The Exile Kiss
- First edition
- Author: George Alec Effinger
- Cover artist: Steve Youll and Paul Youll
- Language: English
- Series: Marîd Audran series
- Genre: Science fiction, cyberpunk
- Publisher: Doubleday
- Publication date: April 1991
- Publication place: United States
- Media type: Print (Hardcover & Paperback)
- ISBN: 0-385-41423-4
- OCLC: 22703559
- Dewey Decimal: 813/.54 20
- LC Class: PS3555.F4 E95 1991
- Preceded by: A Fire in the Sun

= The Exile Kiss =

1991 novel by George Alec Effinger

The Exile Kiss is a cyberpunk science fiction novel by American writer George Alec Effinger, published in 1991. It is the third novel in the three-book Marîd Audran series, following the events of A Fire in the Sun. The title of the novel comes from Coriolanus, by William Shakespeare: "O! a kiss / Long as my exile, sweet as my revenge!" (Act V, scene 3).

Effinger had begun writing a fourth book in the Marîd Audran series, Word of Night, but died before that work was completed. The posthumously-published Budayeen Nights contains the first two chapters of Word of Night along with other stories of Effinger's.

==Plot summary==
Married to Indihar, though from his perspective in name only, Marîd Audran gets invited to a reception at the palace of the amir of the city. Shaykh Mahali, the amir, thus wishes to end the rivalry between Friedlander Bey and Reda Abu Adil, two of the most powerful men in the city. Both Audran and Bey, or "Papa" as he's known in the Budayeen, become suspicious when their sworn enemy Abu Adil designates Audran as an officer of the "Jaish", an unofficial militia working for Abu Adil.

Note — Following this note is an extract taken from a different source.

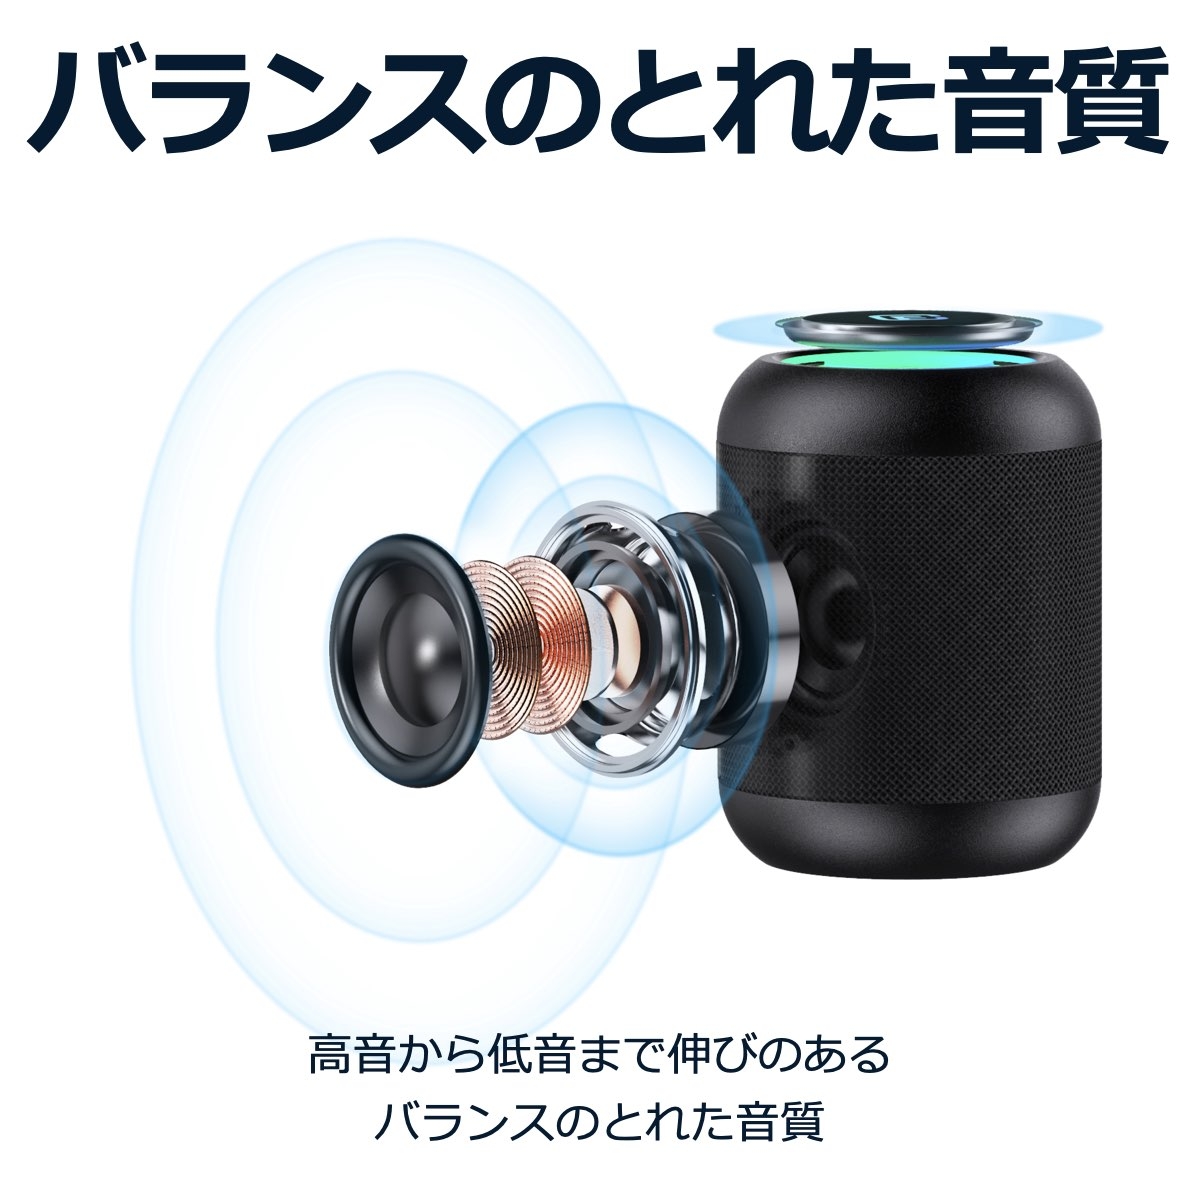 2台セット〉コンパクト 防水防塵対応 Bluetooth スピーカー | Giftpad

However, it is not until after the party that Abu Adil's scheme unfolds: Audran and Bey are put under arrest by Lieutenant Hajjar and charged with the murder of a police officer named Khalid Maxwell. They're sentenced on-the-spot into exile, never to return to the city under pain of death. Left to die amongst the burning sands of a vast desert, their luck finally turns as they are rescued by a Bedouin tribe of Bani Salim, allowing them to start planning the vengeance they'd exact upon Abu Adil and prove their innocence— if they ever make it back to the city alive.